Of course, everything in life depends on your own taste and preferences and if you are used to the buzz of big cities with millions of people, Macerata and its population of 43K might be too small and tedious. For me it wasn’t. I’ve had my fair share of noisy cities with 1M+ inhabitants so I was more than happy to spend time in a cosy, quiet Italian town.
Also despite its small size: there were several dance clubs, 1 rock bar, 1-2 venues for undeground music, several big parks for hanging out in the sun, nice bars offering aperitivo and for the nerds like me: many bookstores, several lovely large libraries, theatre/opera house, many art exhibitions, poetry reading events, etc. This is a much more vibrant cultural life than a city of similar size in Bulgaria can offer and frankly it was very refreshing to enjoy La dolce vita in such a relaxed, cosy and charming place.
5. The Erasmus family
I’ve talked to people who spent their Erasmus in bigger cities like Milan for example and their experience was completely different. Getting scattered across the big city dilutes the group, so to say.
Macerata, on the other hand, is quite small so you form something like a big Erasmus (extended) family and meet most of the other international students on a regular basis: in your classes, for parties and get-togethers, during casual walks on the street…literally all the time!
6. Meet all the Polish people!
If you haven’t been in touch with a lot of Polish people, please correct this mistake as soon as possible. Poles are some of the warmest, friendliest and most welcoming people around and apparently a lot of Polish universities have contracts with University of Macerata, because in terms of numbers they were perhaps the largest group after the Spaniards.
Poles always come with jokes, great (home made) food, a lot of positive energy and (if you are a fan of this drink) vodka in more flavours that you have ever imagined.
7. The local atmosphere and attitude to life
We all know the stereotypical Italian things: like the wild gestures during talking, the interest in beautiful women, the taste in everything beautiful, the emotionality, the fantastic food…But once you get to know the culture there is so much more. I was surprised to see how many unexpectedly common things we have with Italians and also how different are other aspects of life.
It’s a place of paradoxes: Very chill and nonchalant and in the same time very passionate and determined. Very hip and modern, but also in a sense very conservative and traditional. Very focused on superficial looks but also with deep interest in culture and intellectual endeavours. Very open to party lifestyle and also very homely, very devoted to family life and values. Very noisy and wild and then: very proper and well mannered…
Perhaps the perfect example to describe it were our downstairs neighbours who would be having loud screaming fights in the morning and then send each other with a kiss to work Ciao, Amore! 🙂
8. Enjoy la Dolce vita – the way you understand it
Italians know how to live a good life, enjoy their free time and have fun, but if you want to study or work hard: you have all the perfect conditions for it as well.

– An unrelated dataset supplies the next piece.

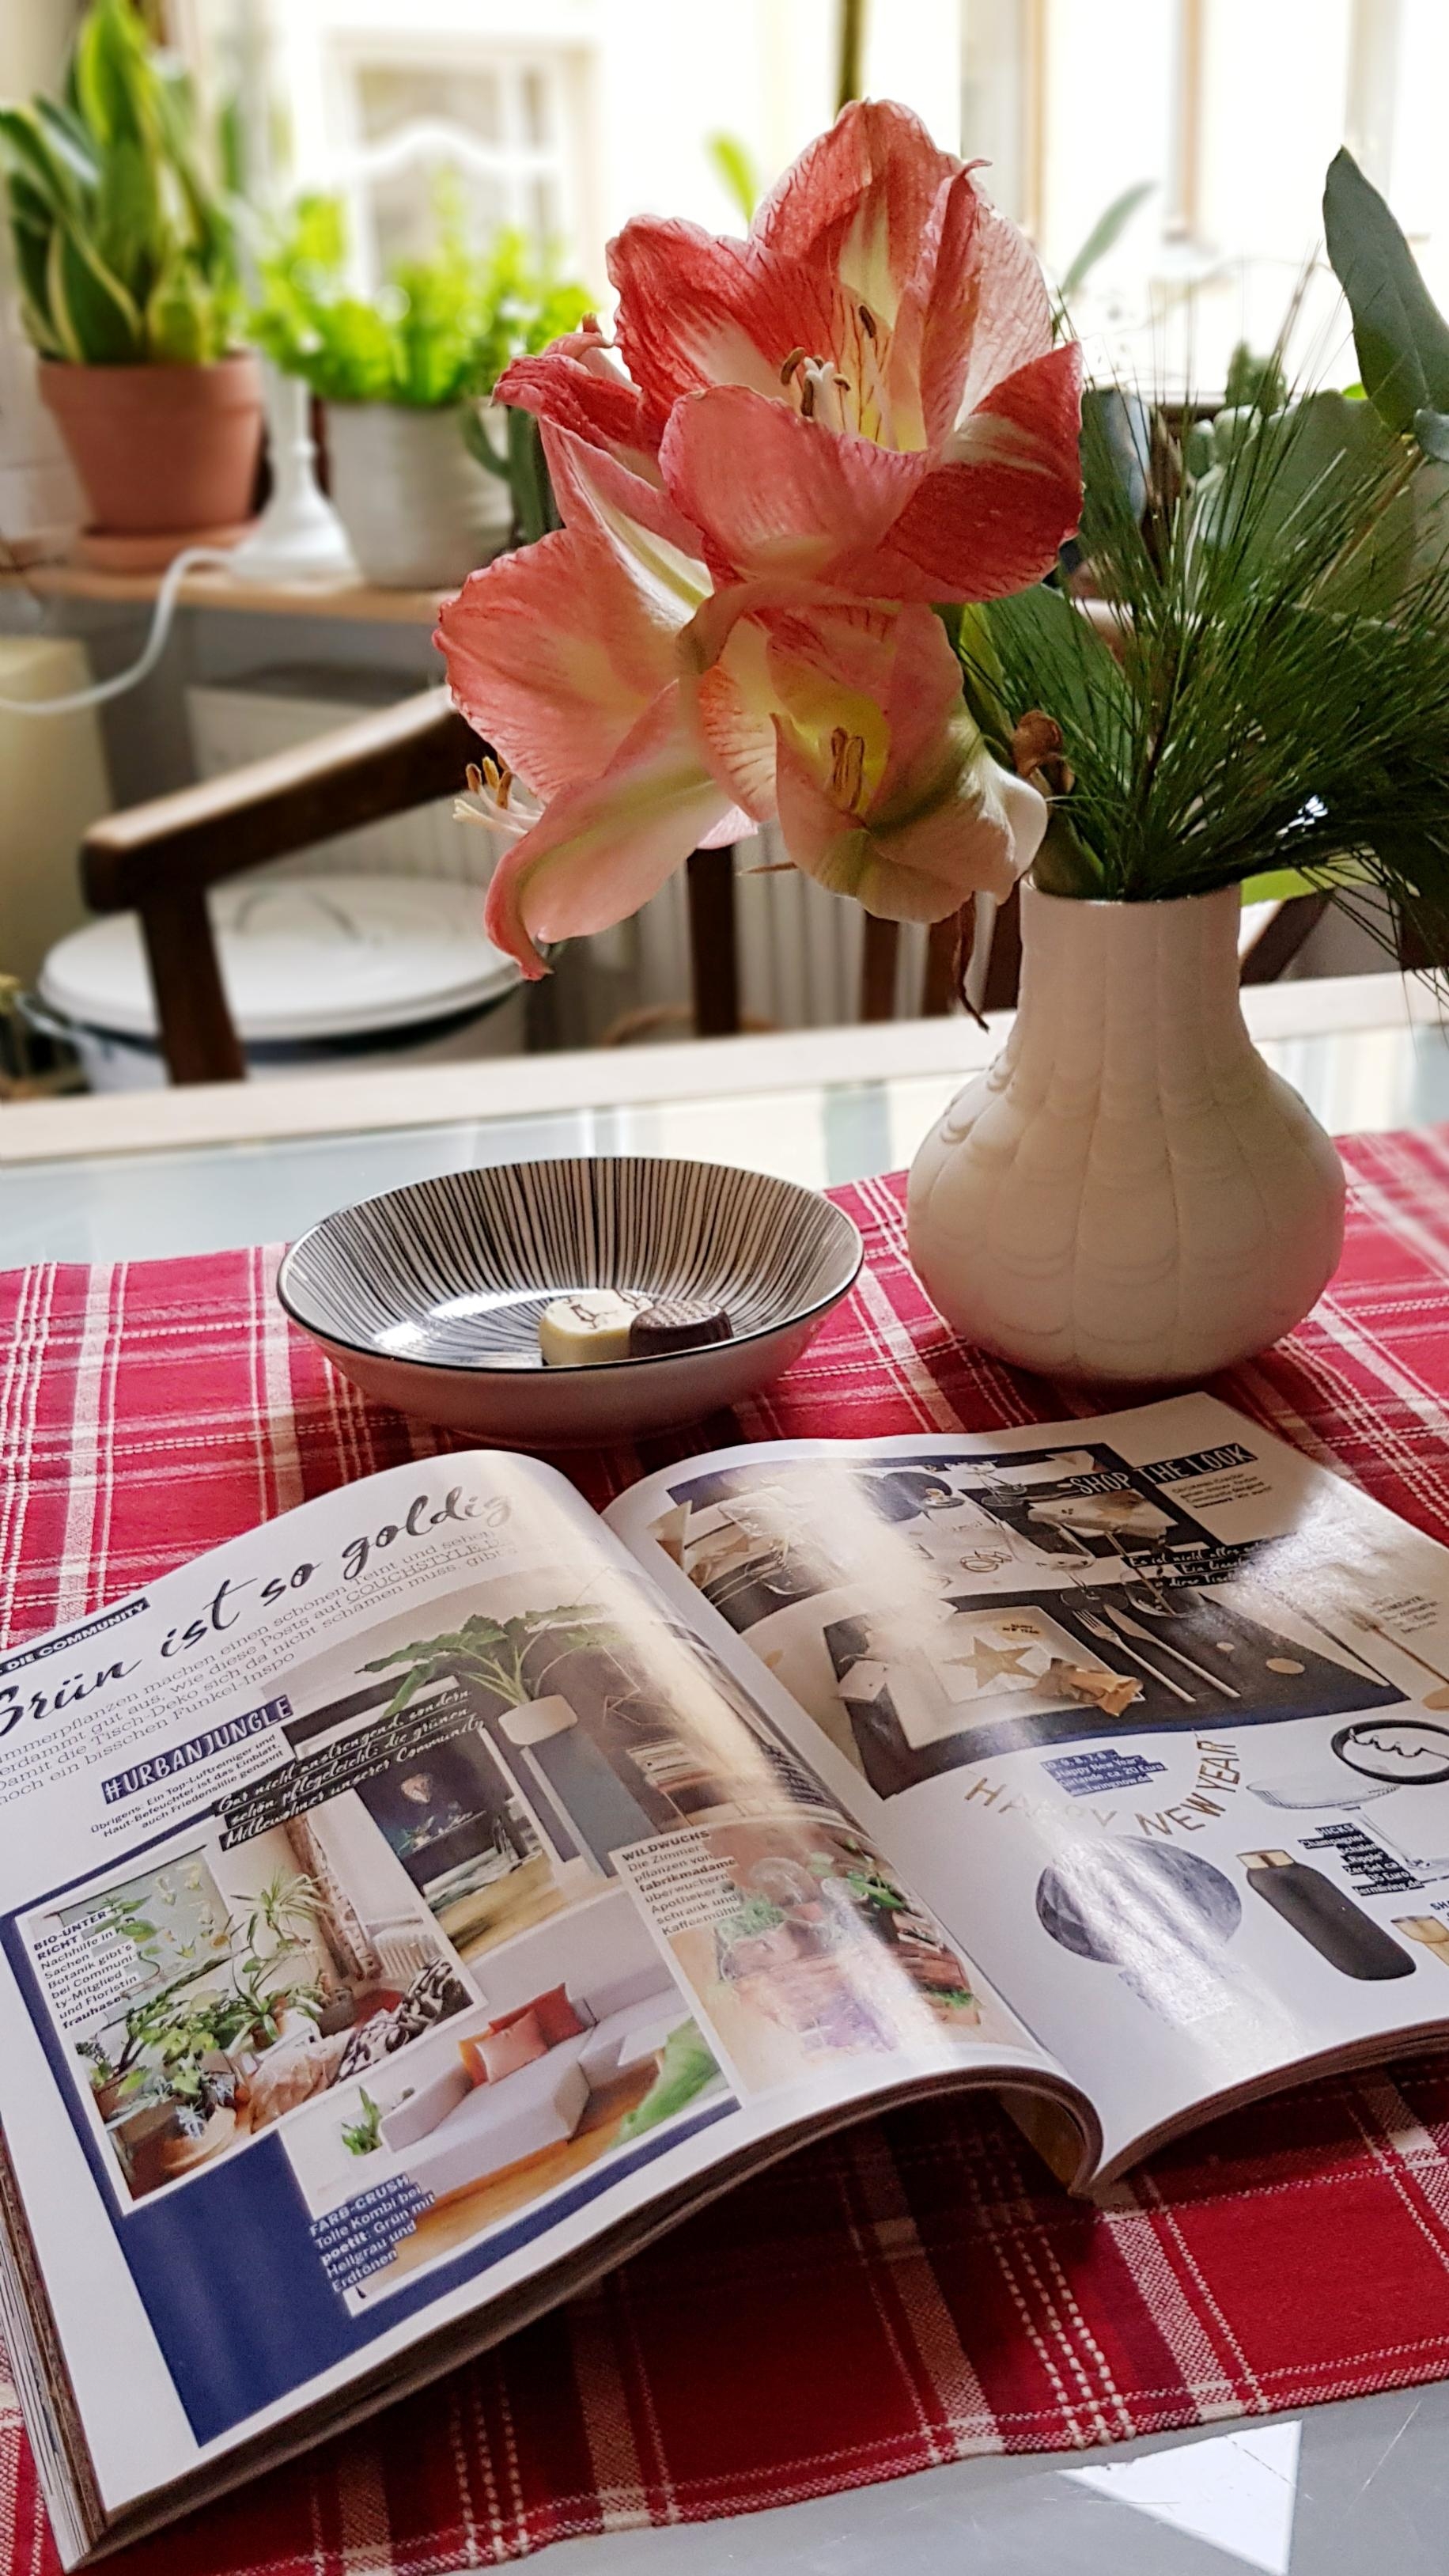 Danke liebe Couch-Redaktion,  das war eine schöne Überraschung mein Bild in der Januar Ausgabe #couch #amaryllis #küche

A typical day of mine in Macerata would start early at the lecture hall or at the library (my second semester was focused on individual research), then a light lunch/picknick outside with a friend, some more work and chores in the afternoon, aperitivo with a glass of wine and nice snacks, going to the theater/concert/movie club night/theme party until late in the evening (early in the morning) and then a few hours later: again at the library.

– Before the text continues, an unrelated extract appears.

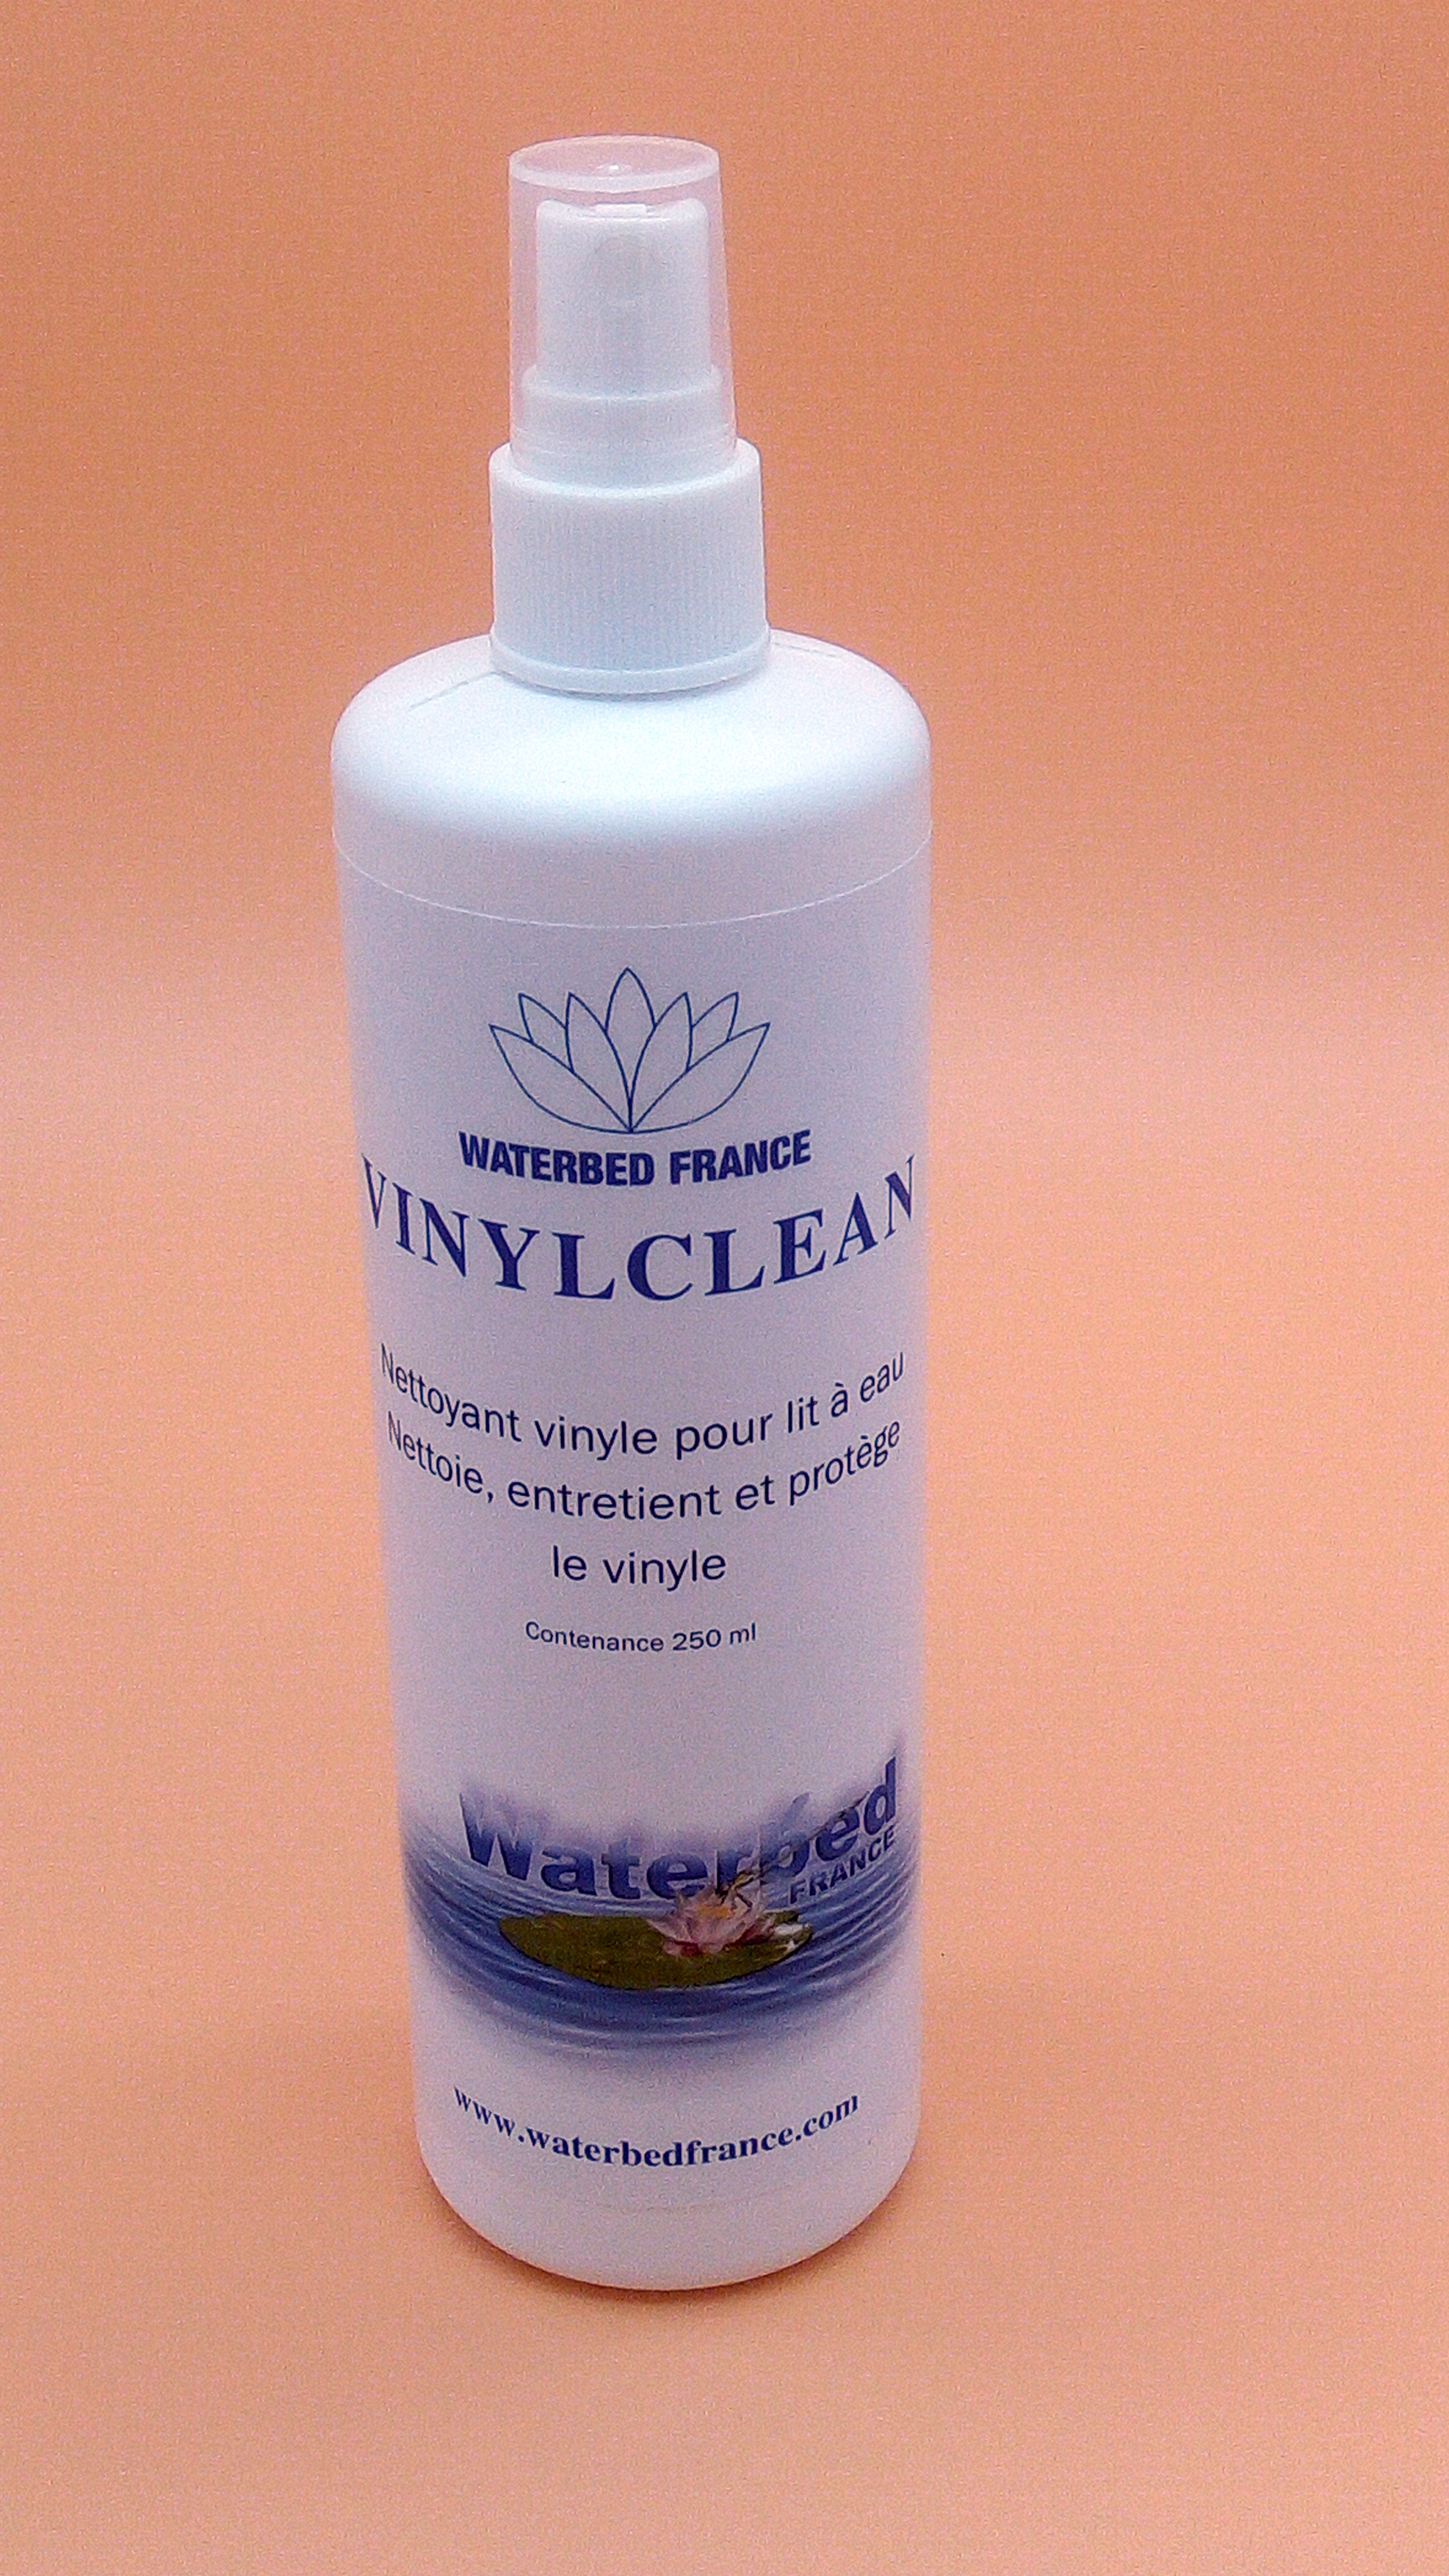 Vinylclean by Waterbed France, nettoyant vinyle pour lit à eau, en spray

If you want it to be all party and fun- it can be. If you want it to be fun and work- it can be that as well. The place offers the perfect conditions to go either way: depending on your own preferences and needs.
9. Save money for travelling thanks to the affordable rent
Since it is a smaller city, rents can be quite affordable: especially if you team up with other Erasmus students or find locals to share an apartment with. I lived in a huge 5 bedroom apartment with 4 other people, 2 bathrooms, kitchen and several balconies in a nice new building and the rent for my room was equivalent to what I was paying for my old room in Sofia!
You also save money on visits to the gym! Macerata has one of those medieval layouts: with the center situated high up on a hill with hundreds of steps and many steep streets which can boost your cardio (and your desperation) to new cosmic levels.
There are good online listings for Macerata rentals, so book a room in advance or shortlist several places and take a look at them in person when you arrive | Tip: not all rooms are listed online so you can browse the city and look around for Affitasi signs (“for rent”).
My honest advice: sometimes landlords would change their mind in the last minute, so always have a plan B! Even if you have agreed upon renting a place, keep an eye on hostels and hotels (avoid Hotel Ricci, I heard people had issues with bed bugs there) and try to find a reliable person for contact there in case you need to find an alternative place to stay.
Even though my prospective landlord decided not to lend his apartment in the last minute and I had a rough start on arrival with the really unhelpful person who welcomed me as a replacement of another Erasmus buddy (I guess some people just volunteer because they want the credits, not because they are really organized and good at helping others), I found the best apartment just a day after that so I guess the best Erasmus advice is: Stay calm. Rely on yourself. Plan ahead and let nothing and no one discourage you 🙂
10. Learn Italian!
You know that expression about turning setbacks into comebacks? Well this is the best way to describe the language situation in Italy. I come from a place where more or less every second young person speaks decent to good English and it was a shock for me to realize that learning Italian isn’t just a cool option: it is an absolute must.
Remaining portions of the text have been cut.